Triploidy is a rare lethal chromosomal (aneupliodic) abnormality caused by the presence of an entire extra chromosomal set.
It is considered the 3rd commonest fatal chromosomal anomaly 7. While it is thought to affect as much as 1-2% of conceptions, the vast majority are thought to undergo spontaneous abortions in the early intrauterine period.
The occurrence of triploidy is considered sporadic. A fetus with triploidy has 69 chromosomes. This can happen in three ways.

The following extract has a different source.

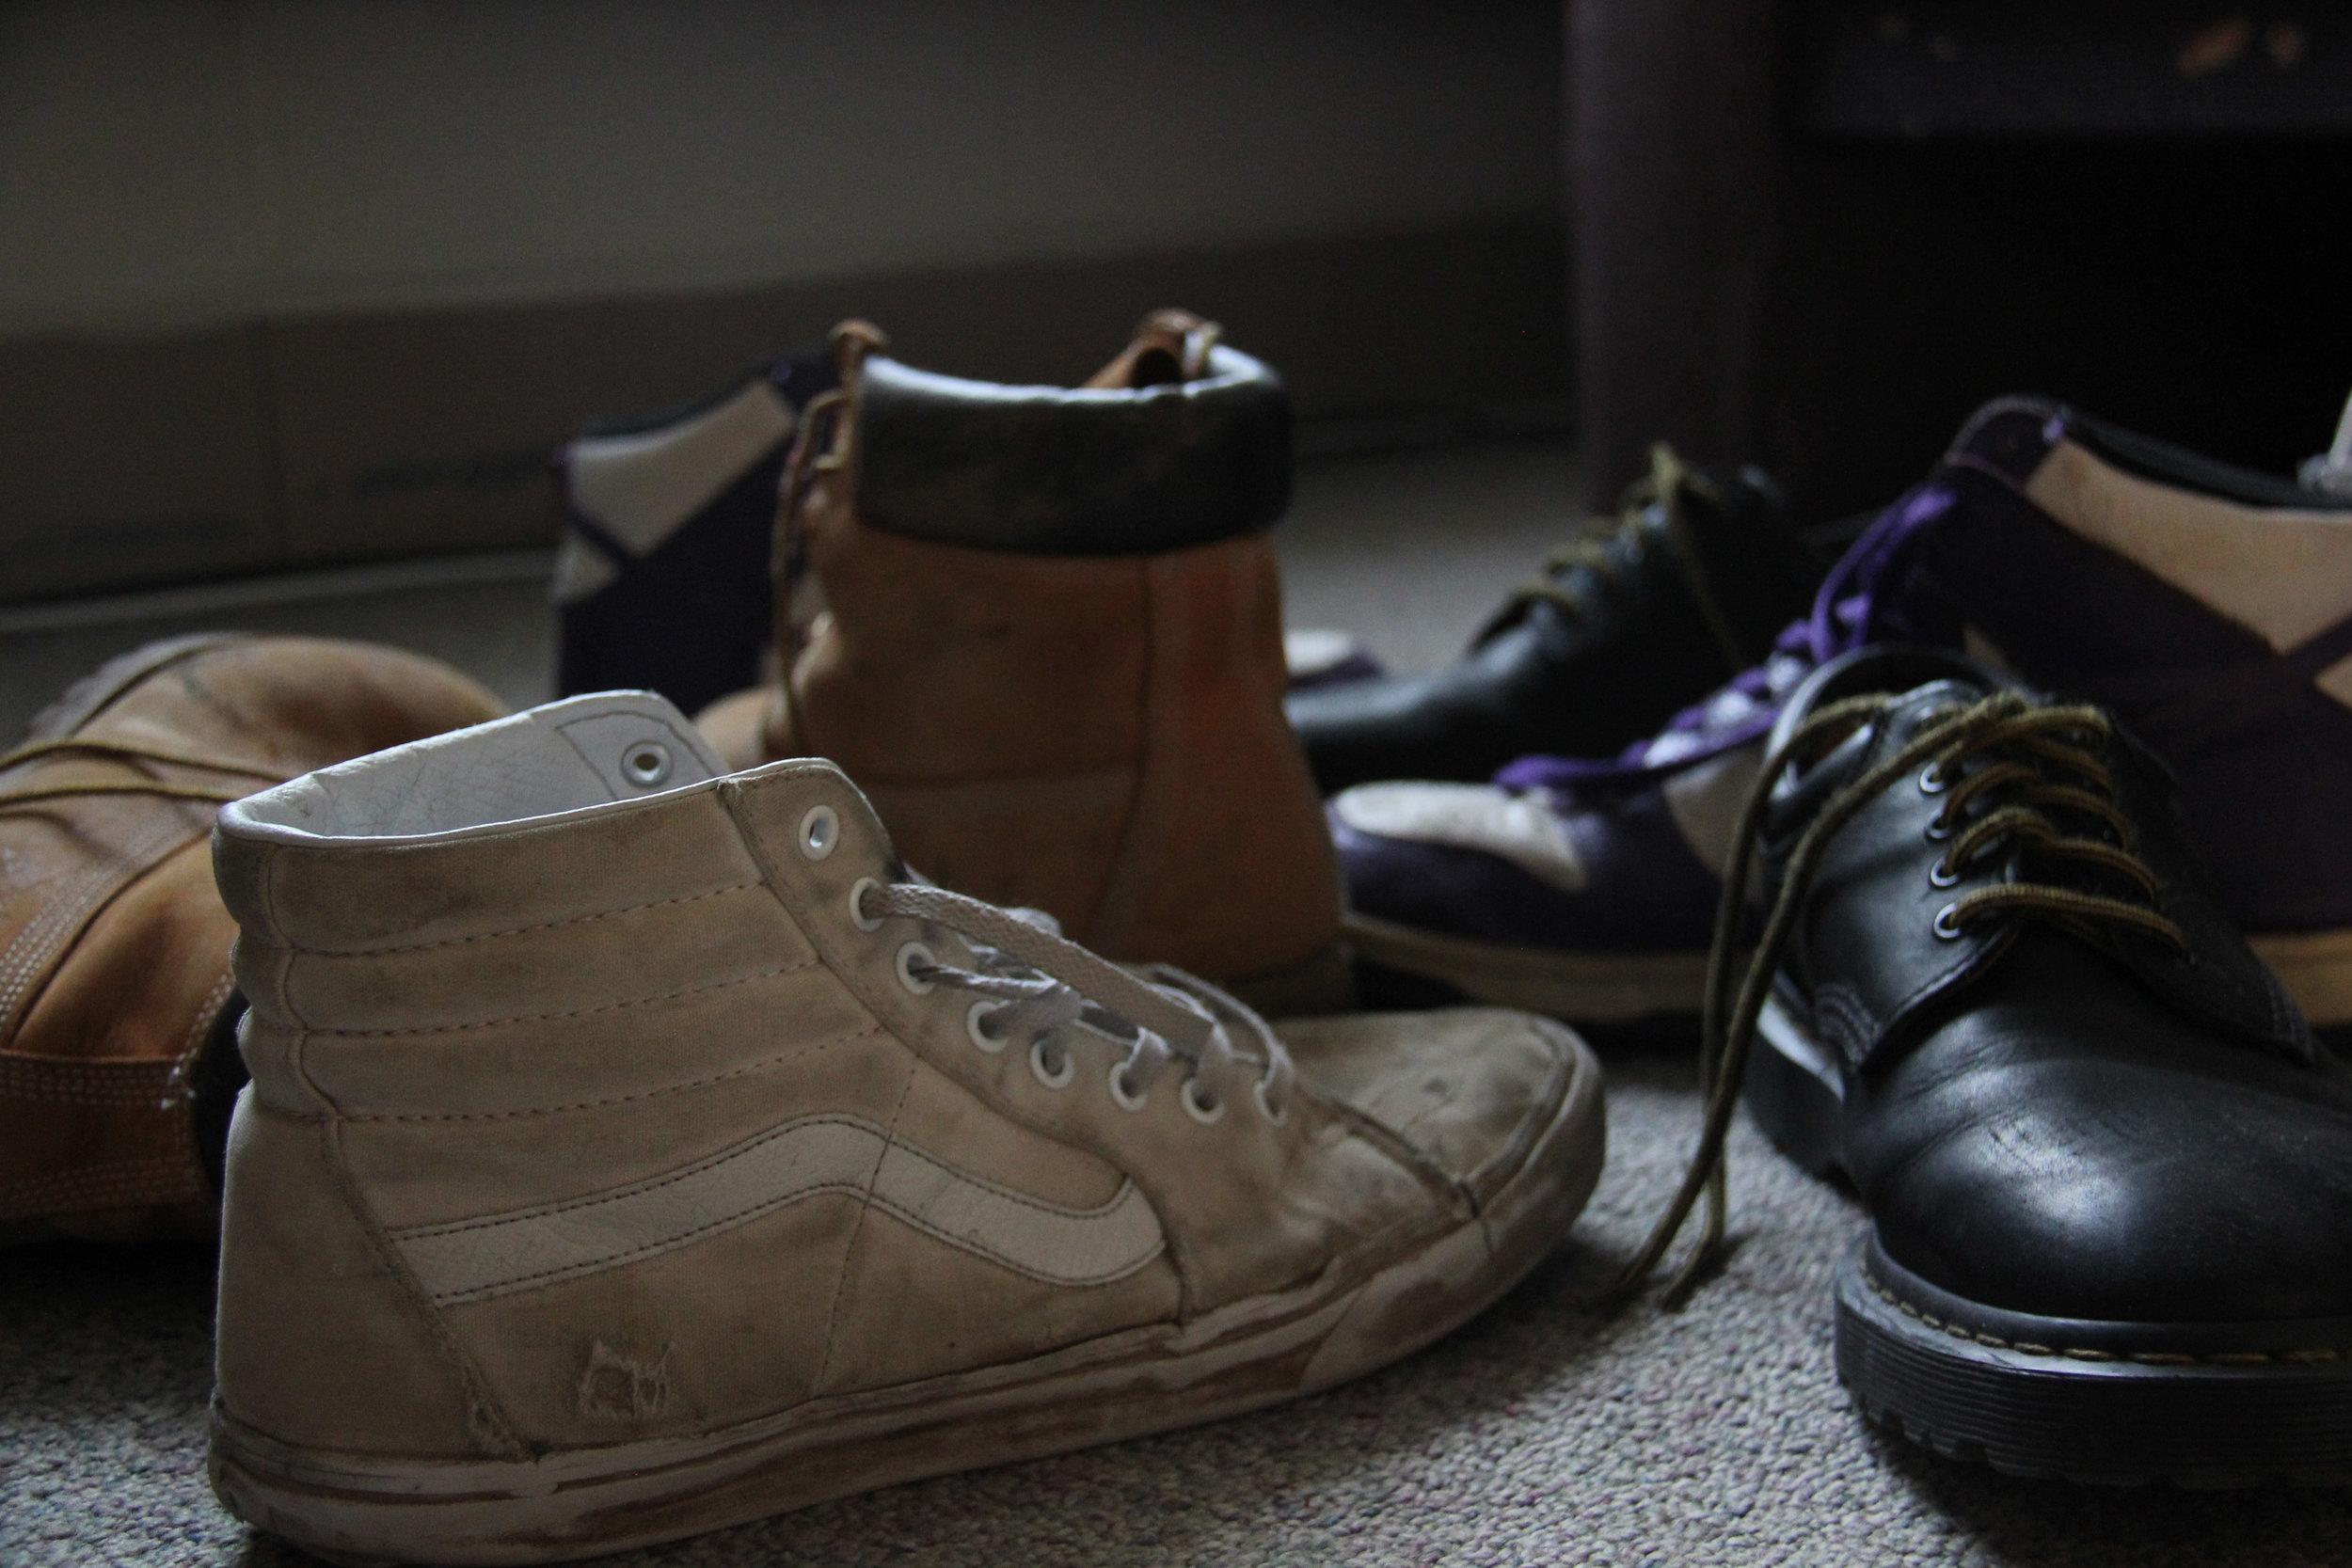 2.Shoes

- failure of division of meiosis I or II in spermatocyte : extra set of paternal chromosomes
- failure of division of meiosis I or II in oocyte : extra set of maternal chromosomes
- dispermy: double fertilisation of ovum with two sperms
In ~60-75% of cases, the extra set is paternally derived (diandric triploidy). The reported chromosomal compositions are
- 69XXY : ~60 %
- 69XXX : ~37%
- 69XYY : ~3 %
In some cases there can be diploid/triploid mosaicism.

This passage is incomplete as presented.